The researchers who conducted this important and long-overdue trial evaluating the effectiveness of coronary DCBs in the United States should be congratulated. This study raises several important questions that merit further consideration. First, this study was primarily conducted to obtain Food and Drug Administration approval for the DCB, and while its design directly tests the effectiveness of the drug coating, the use of uncoated balloons as a control It does not represent the current standard of care for treating in-stent restenosis. Practice. In fact, a previous study, ISAR-DESIRE 3, which compared uncoated balloons with DCB and drug-eluting stents for the treatment of in-stent restenosis, found that uncoated balloons were the least effective (i.e., had the highest rate of restenosis recurrence). high) was shown.^Ten Nevertheless, a significant number of in-stent restenosis patients in the United States are still treated with uncoated balloons for localized lesions, and the availability of DCBs would be a welcome addition to the arsenal. Second, DCBs are particularly useful in cases of in-stent restenosis where placing an additional metal layer may be problematic, such as bifurcation lesions or in-stent restenosis lesions that already have two or more stent layers. attractive. In the current study by Yeh et al.⁹ More than 40% of treated lesions had multilayer stents, and half had diffuse in-stent restenosis. It is known that there is a high risk of recurrence of in-stent restenosis after conventional treatment. DCB was clearly effective in these patients, with an absolute risk reduction of target lesion failure of 10.7% for every 9 patients with in-stent restenosis treated with drug-coated versus uncoated balloons. suggests that one target lesion failure is prevented. Despite this superior efficacy, the financial implications and availability of DCBs require further consideration, given their high cost compared to widely available drug-eluting stents. Sho.
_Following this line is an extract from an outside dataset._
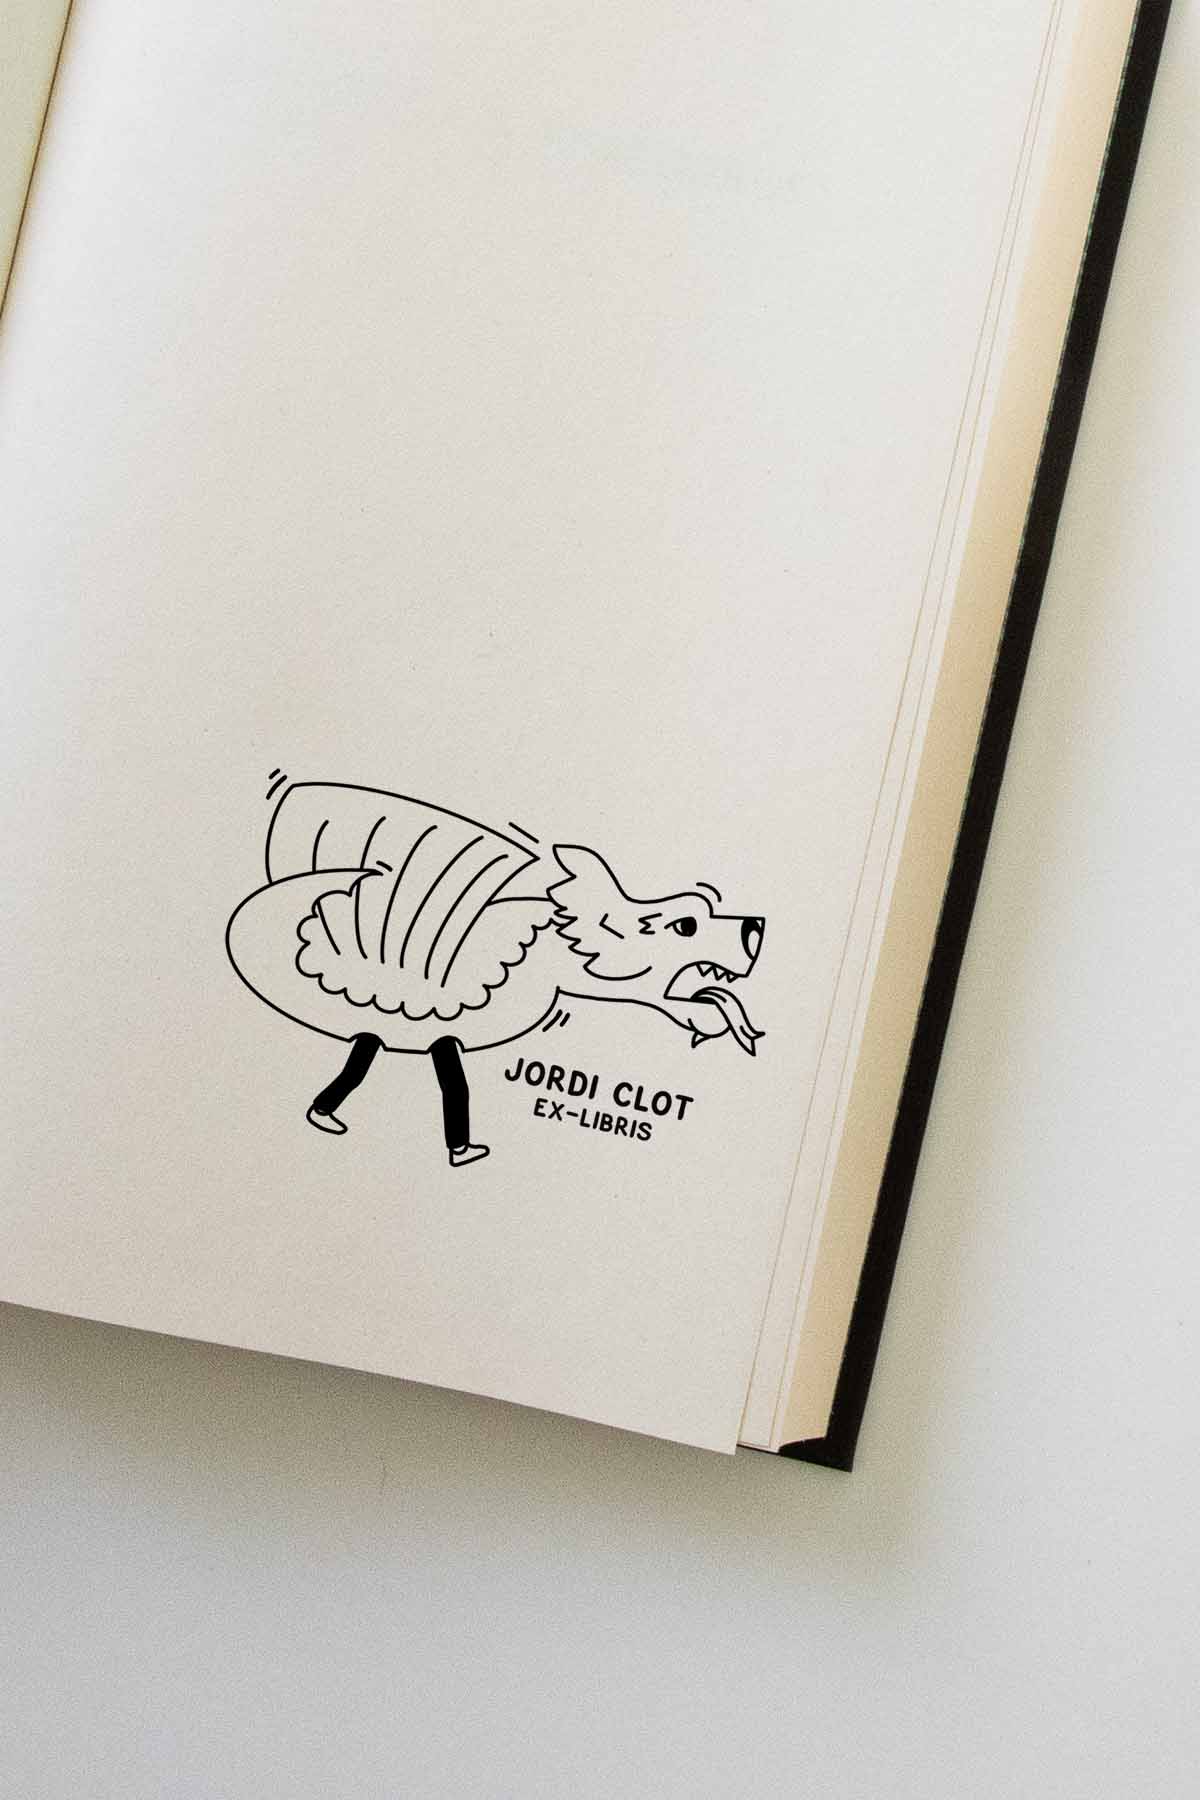 Portadilla de libro estampada con sello exlibris de un dragón del folclore catalán
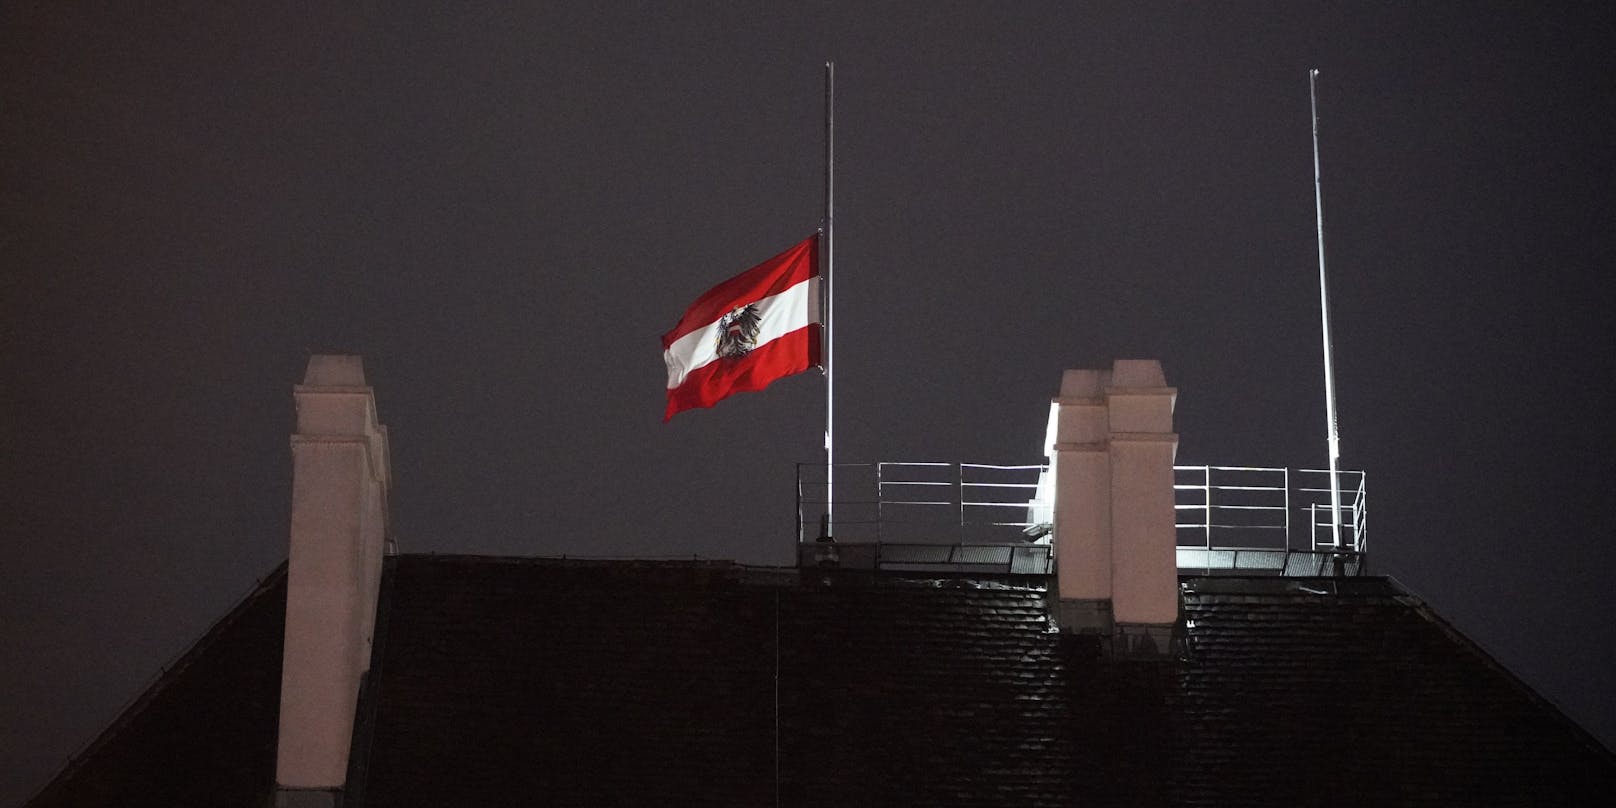 Auf Anordnung des Bundespräsidenten wurde die österreichische Fahne auf dem Dach der Wiener Hofburg auf halbmast gesetzt als sichtbares Zeichen der Anteilnahme.

A third point to consider with additional economic implications is that endovascular imaging is used in nearly three-quarters of AGENT IDE patients. This rate of intravascular imaging is 5 to 10 times higher than what is commonly performed in practice in the United States, and the use of intravascular imaging has been shown to improve PCI outcomes, resulting in lower event rates. may have influenced.³ Additional data on the mechanisms of in-stent restenosis, not detailed in this study, are also potentially important, particularly the rate of mechanical causes of stent failure such as underexpansion, where DCB may be less effective. Fourth, more than half of the patients in this trial received intervention for stable angina, and the absolute benefit of PCI compared with optimal medical therapy is questionable. An unfortunate trade-off of intervention strategies is the infrequent but observable adverse PCI outcomes, such as stent thrombosis, myocardial infarction, and cardiac death, even in otherwise stable patients. Fifth, although this trial required dual antiplatelet therapy for a minimum of 1 month after intervention, most patients continued dual antiplatelet therapy for 1 year. There is a lack of consensus and a paucity of data regarding the optimal duration and strategy of antiplatelet therapy for DCB. Recent studies in Europe have shown good results with single antiplatelet therapy after DCB-PCI, which may be highly advantageous for patients at high bleeding risk.¹¹

In summary, AGENT IDE provides strong evidence for regulatory approval of coronary DCBs in the United States and has the potential to provide access to this established technology to a large number of patients. The use of DCB may also be extended to other clinical scenarios such as de novo lesions, bifurcation lesions, small vessels, and patients at high bleeding risk. This study undoubtedly lays a solid foundation for future clinical trials of coronary DCB in the United States, and additional data on its efficacy and safety are eagerly awaited by the intervention community.

Corresponding author: David J. Moliterno, MD, Department of Cardiology, University of Kentucky, 900 S Limestone Ave, 326A Wethington Building, Lexington, KY 40536-0200 (Moliterno@uky.edu).

Published online: March 9, 2024. doi:10.1001/jama.2024.0813

Conflict of interest disclosure: There were no reports.